**Task:**
Every line of the material needs an exact copy, apart from the images.

**Supplied material:**
——————————
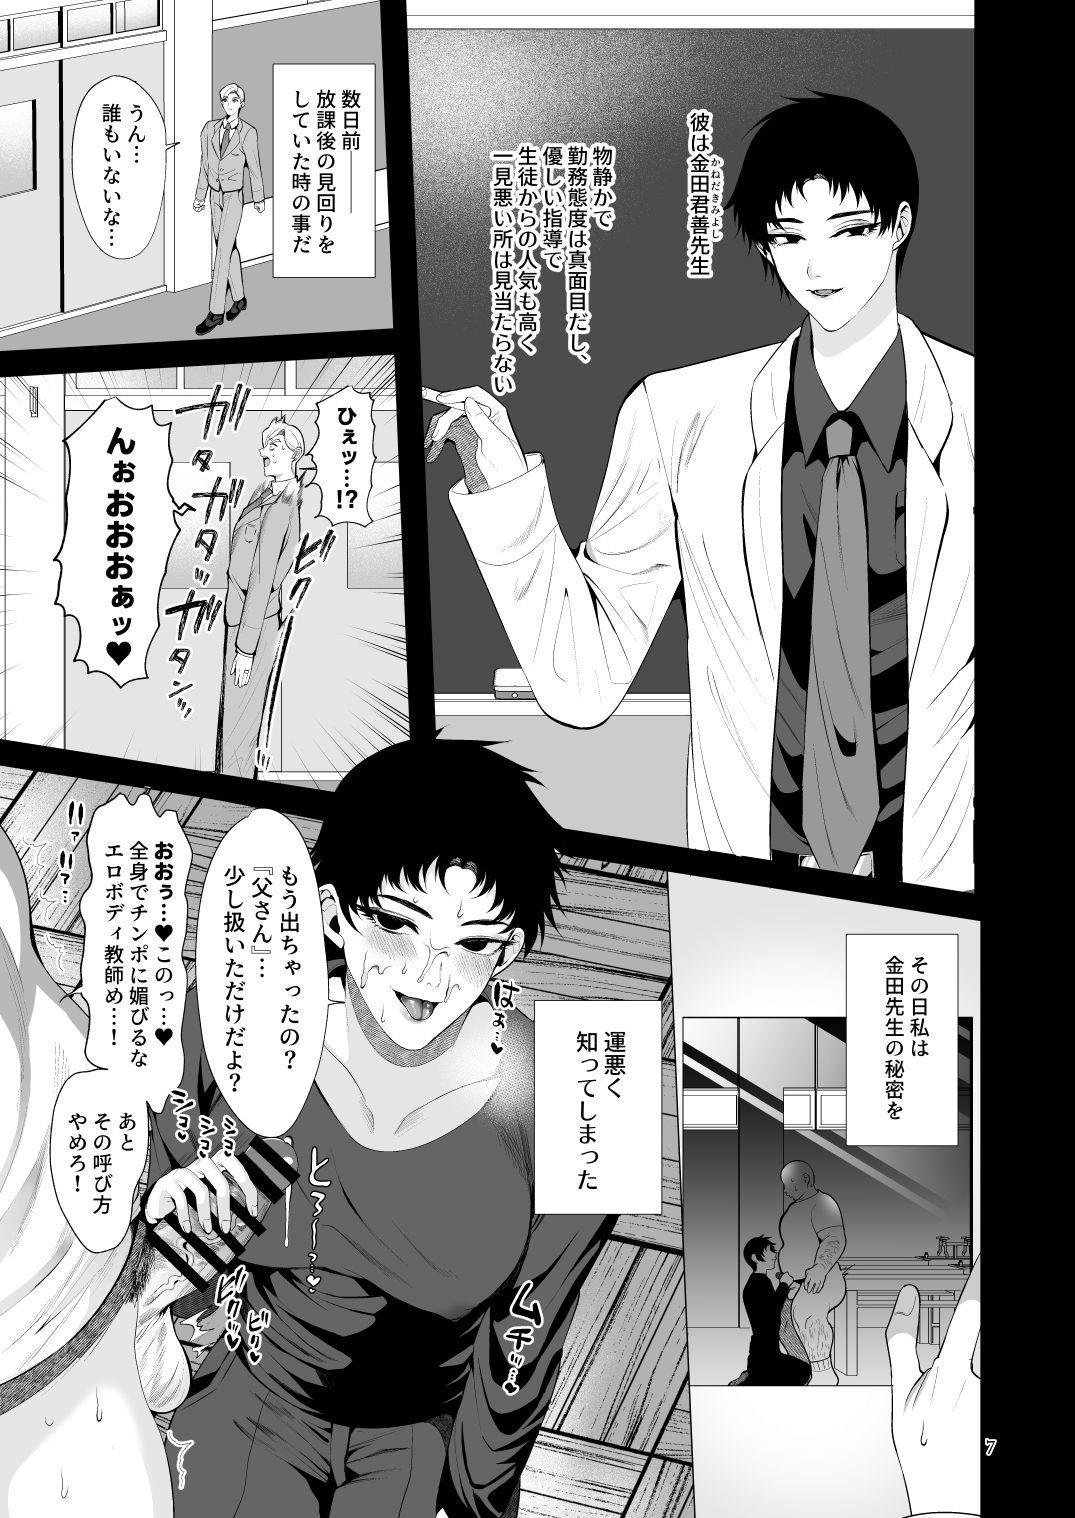 Kyozou no Sugata wa Chichi ni Nite iru 5
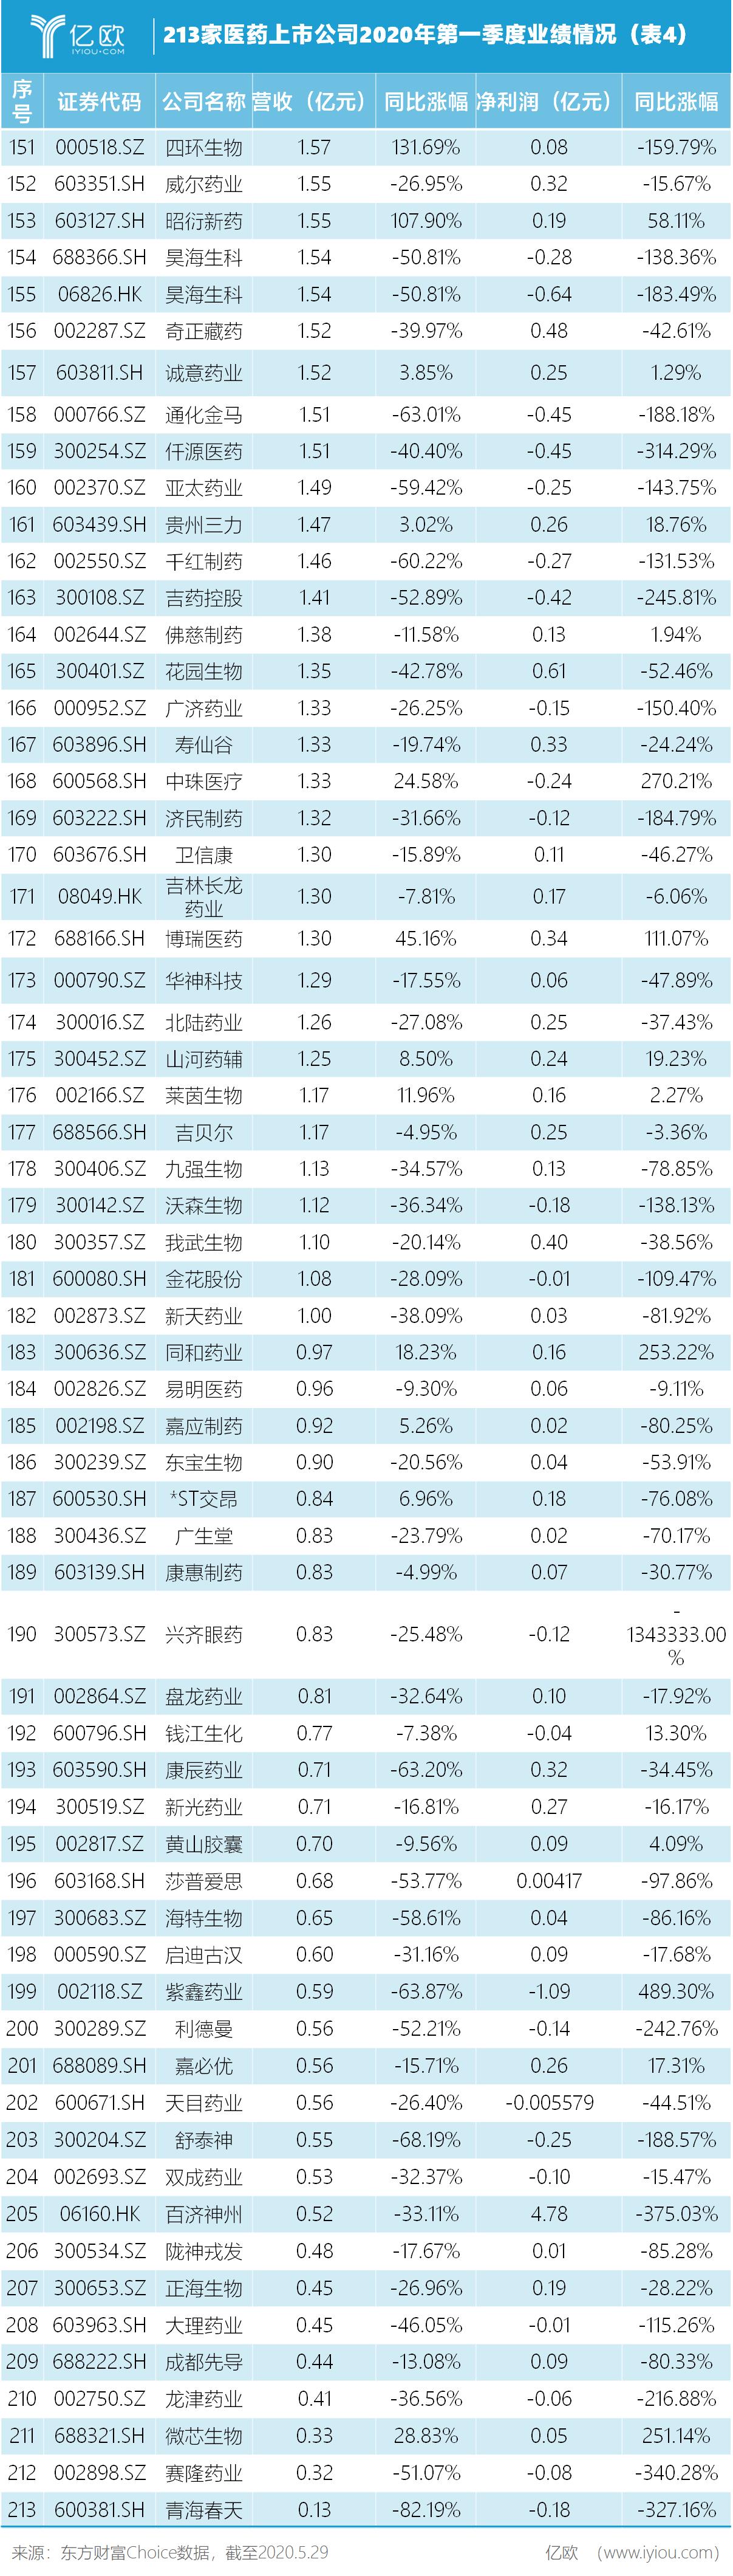 213家医药上市公司2020年第一季度业绩情况(外4)
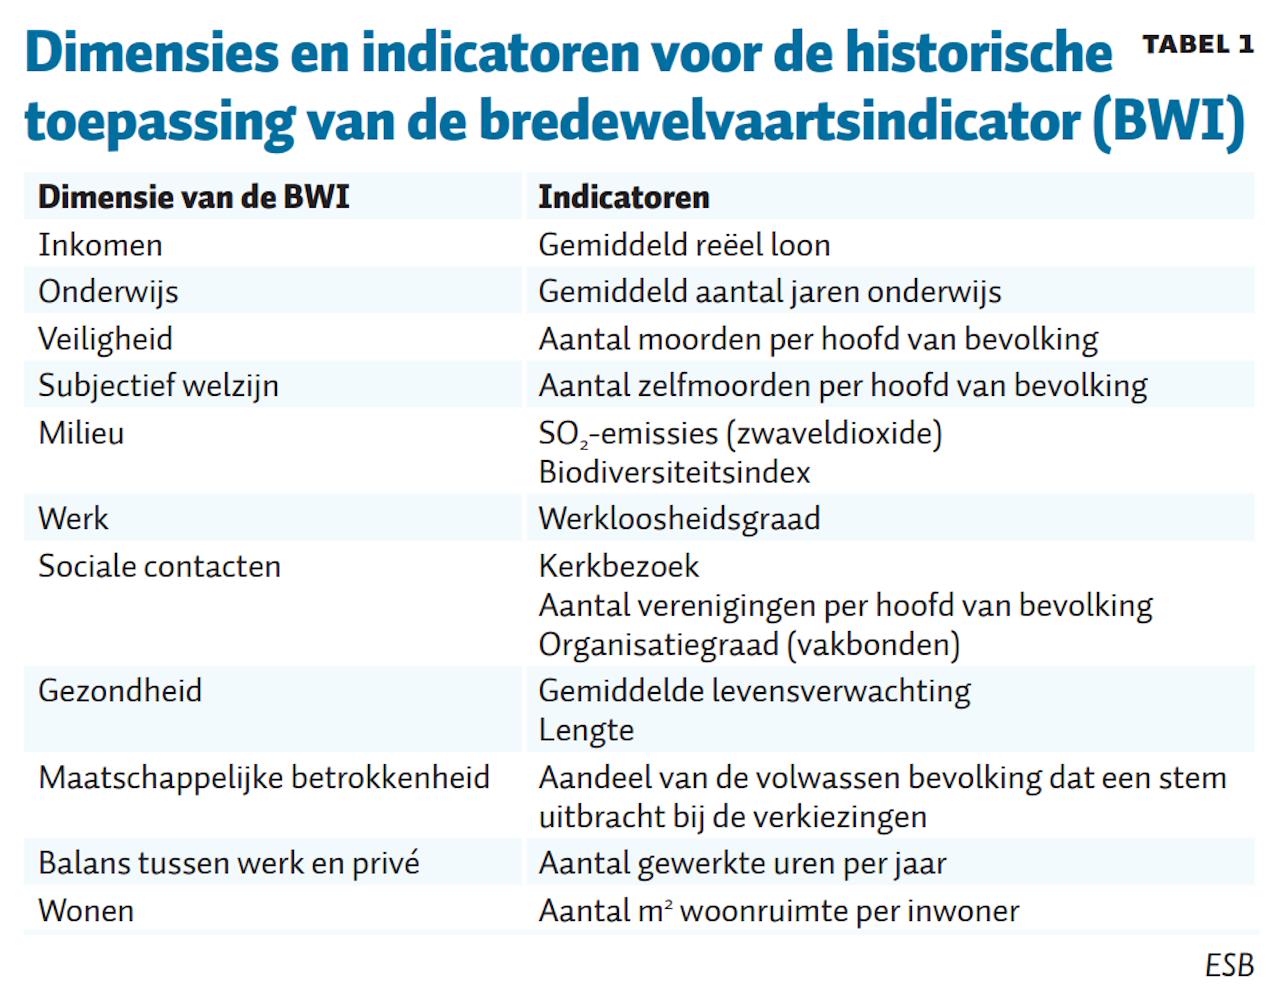 Tabel 1. ESB
——————————
**Answer to the problem:**
 Kyozou no Sugata wa Chichi ni Nite iru 5
 213家医药上市公司2020年第一季度业绩情况(外4)
 Tabel 1. ESB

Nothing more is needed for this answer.